Гуляков и Завалишин лежат на линии огня рядом.

— Мать его! Три патрона в молоко, не вижу ничего, глаза застит! Клыч сгнобит в конюшне…

Завалишину, страдающему от вчерашнего — вернее, от сегодняшнего ночного — на жаре совсем худо: в его груди что-то клокочет и булькает, как в кастрюле с холодцом, серое лицо покрыто крупными каплями пота, который льется струйкой с подбородка, обильно смачивая пыль.

— Не паникуй, Сёмка, сейчас поправим…

Гуляков приподнимается, смотрит, где Захарчук. Тот рычит что-то педагогическое юнкеру на левом фланге, прижимая ногой локоть стрелка к земле. Гуляков отирает пот с лица, несколько раз сильно зажмуривает глаза, переносит ствол своей винтовки в сторону соседней, завалишинской, мишени, резко выдыхает, целится и трижды нажимает на спуск, быстро передергивая затвор. В центре квадратной фанерной головы вспухают ежики из белой щепы двух пулевых отверстий, еще одно появляется пониже, на груди.

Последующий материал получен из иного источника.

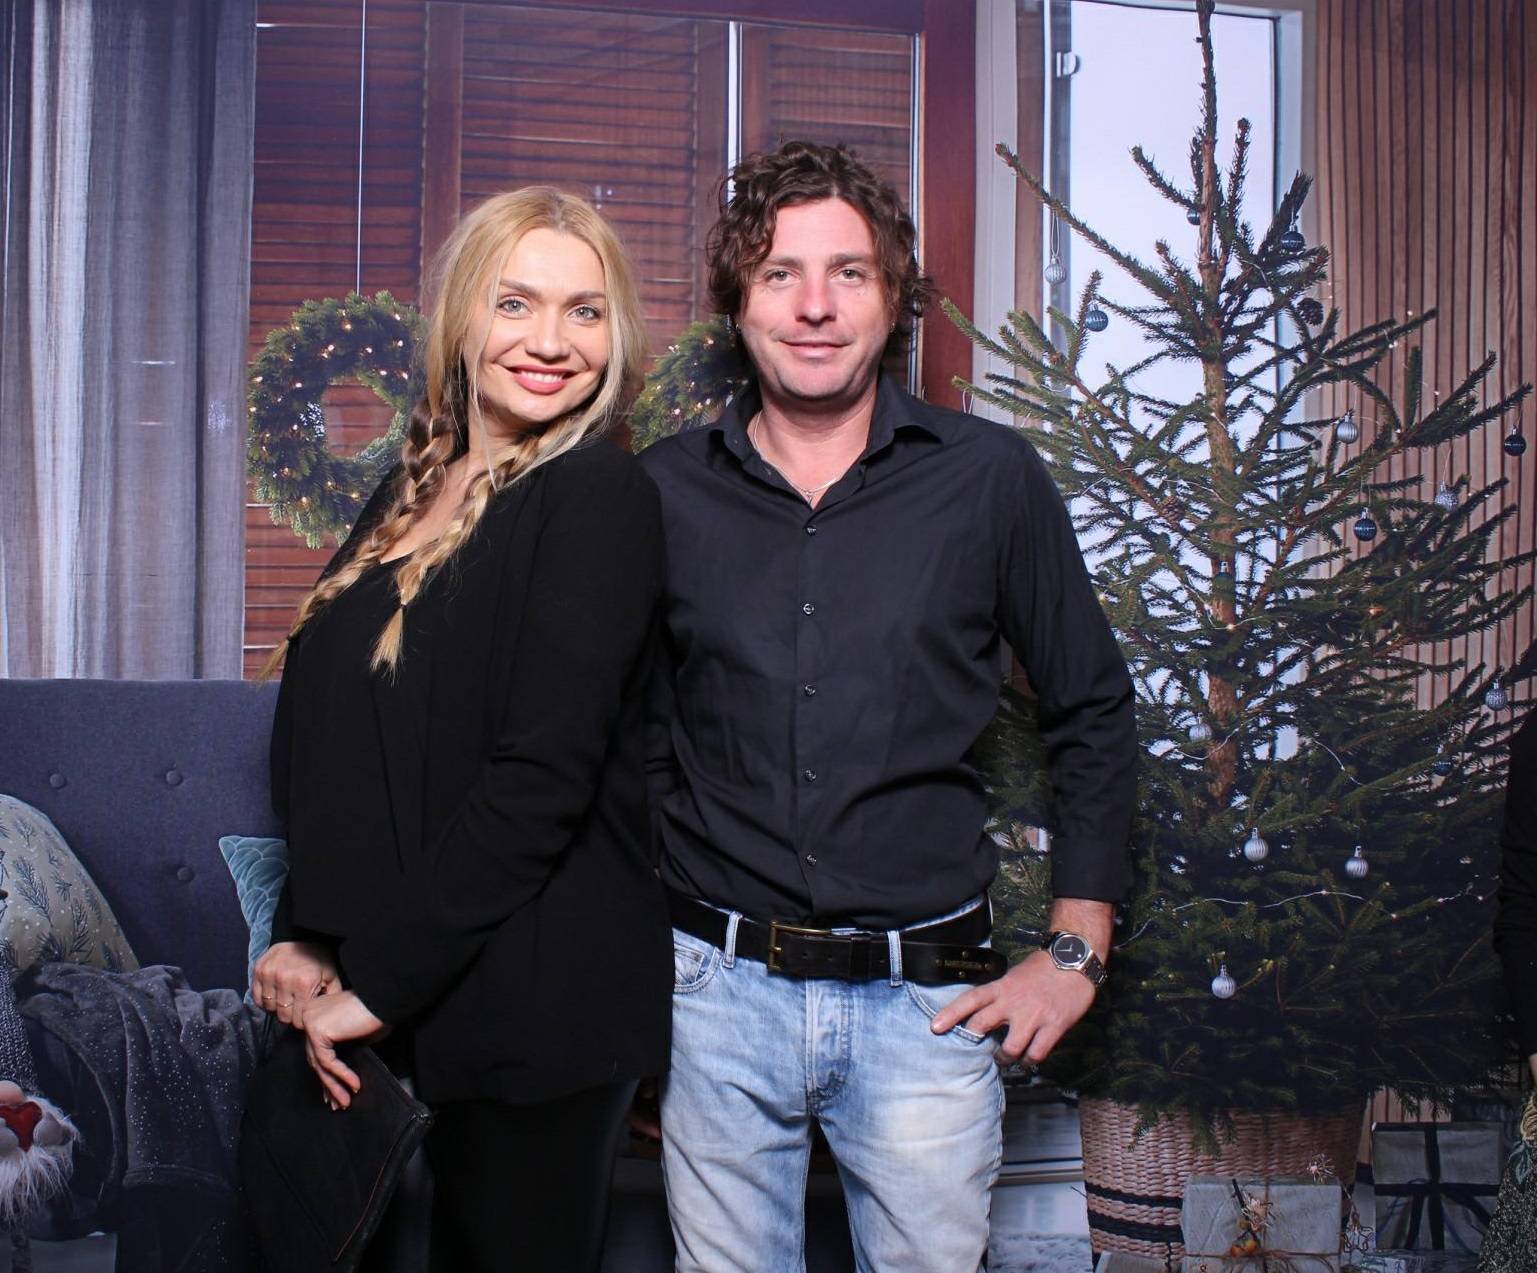 Un alt cuplu celebru din showbiz își spune adio! Cristina Cioran și Traian Văduva s-au despărțit
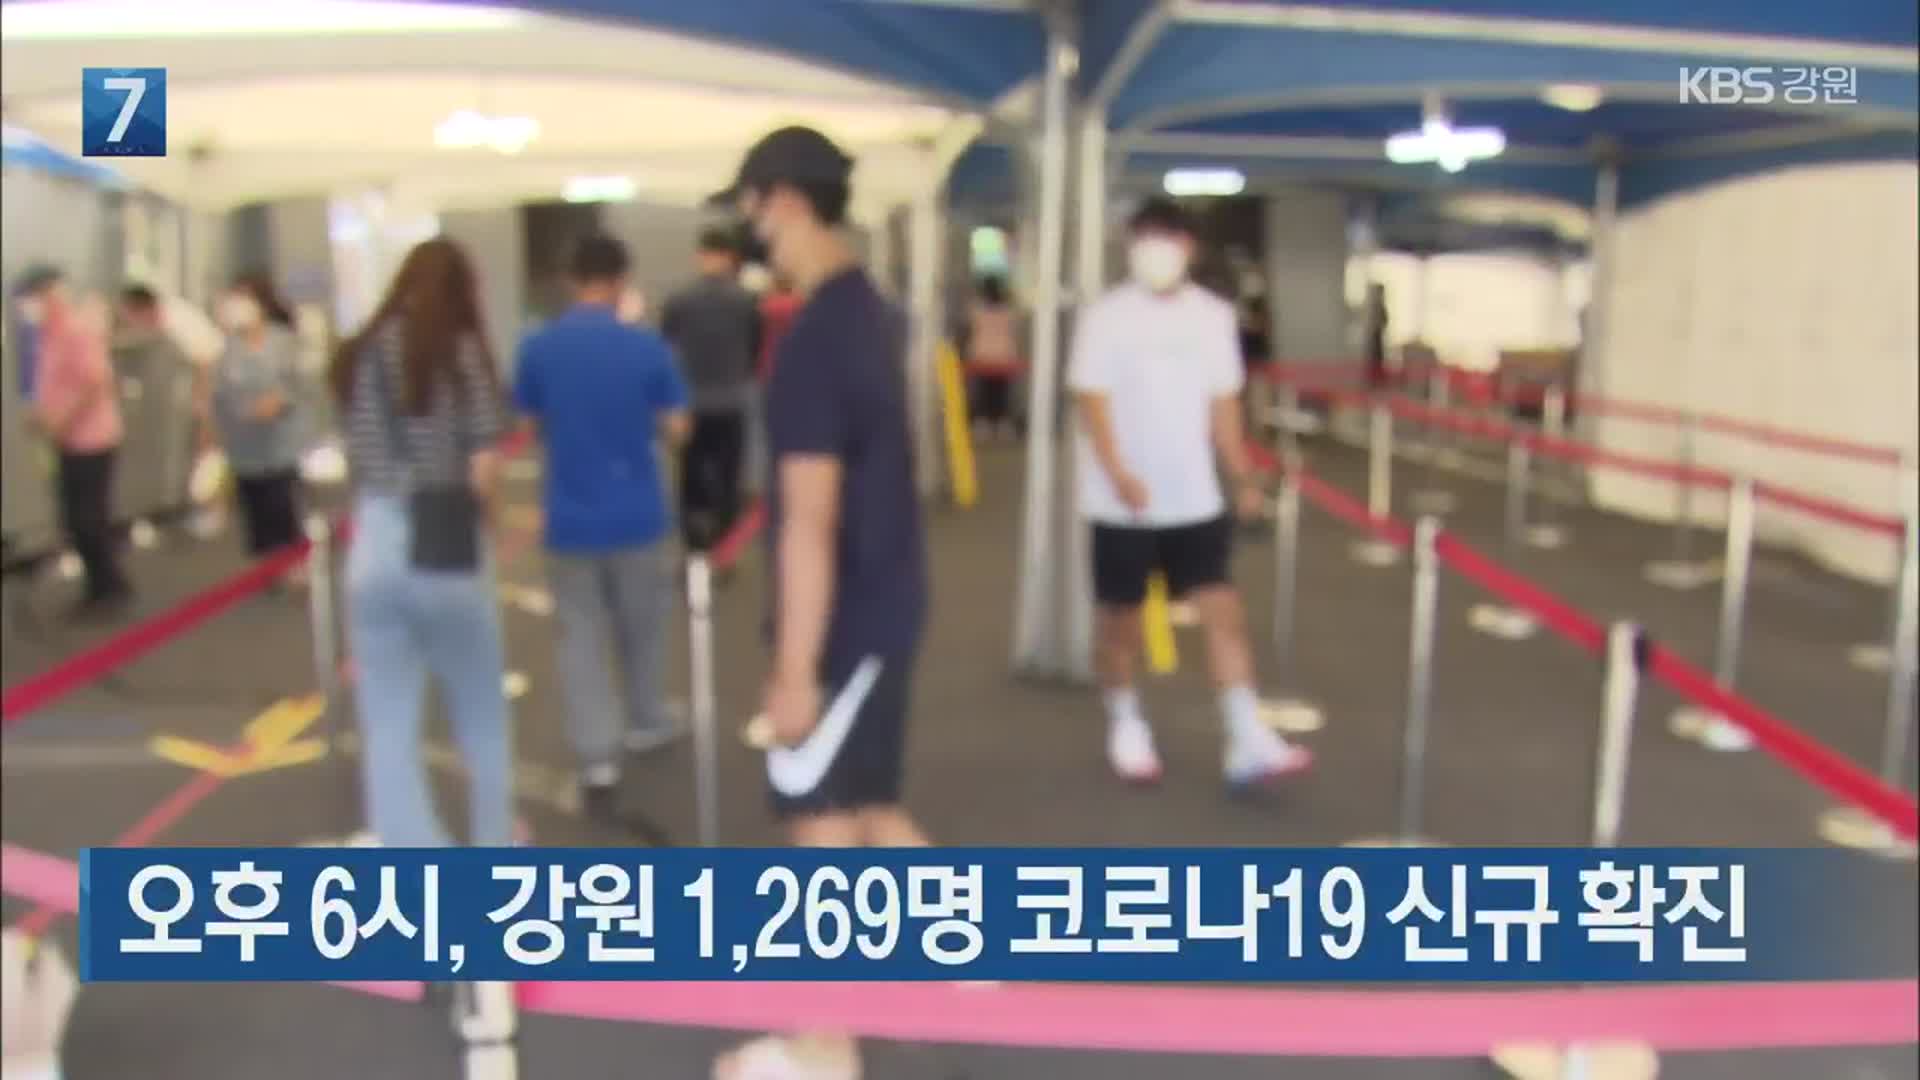 오후 6시, 강원 1,269명 코로나19 신규 확진

Звучит команда подъесаула:

— Разряжай! К мишеням, бегом!

Юнкеры стоят каждый возле своей цели. Вдоль фанерных истуканов медленно идет Захарчук, помечая карандашом в замусоленной тетрадке результаты. Подходит к мишени Завалишина, ковыряет пальцем дырки от пуль, хмыкает:

— С испугу, что ли, в лоб дважды заправил, Завалишин? С похмелья лучше бьешь, чем на трезвую голову — это новое слово в стрелковой подготовке. Свободен!..

Спасенный от конюшенного навоза, юнкер бежит к товарищам, а ротный переходит к следующей мишени. Считает пулевые отметины, сгрудившиеся в центре фигуры.

— Хвалю, Гуляков. Как всегда, кучно, красиво, прямо как на картинке в наставлении.

— Служу Отечеству!

Захарчук направляется, было, к группе юнкеров, расслабленно сидящих в кружок на траве и громко гогочущих, но, пройдя несколько шагов, вдруг останавливается:

— Гуляков, а на фронте что этот ханурик будет делать, если тебя рядом не окажется? Там или он пулю в лоб, или ему. Ведь в лютое пекло пойдете, сынки, а как выживать, толком не знаете. Наставления — это одно, а вымуштрованный германец — совсем другое. Пошел бы с вами, да кто ж отпустит… За одного тебя спокоен, не пропадешь, бог даст…

— Справимся, господин подъесаул. Как учили…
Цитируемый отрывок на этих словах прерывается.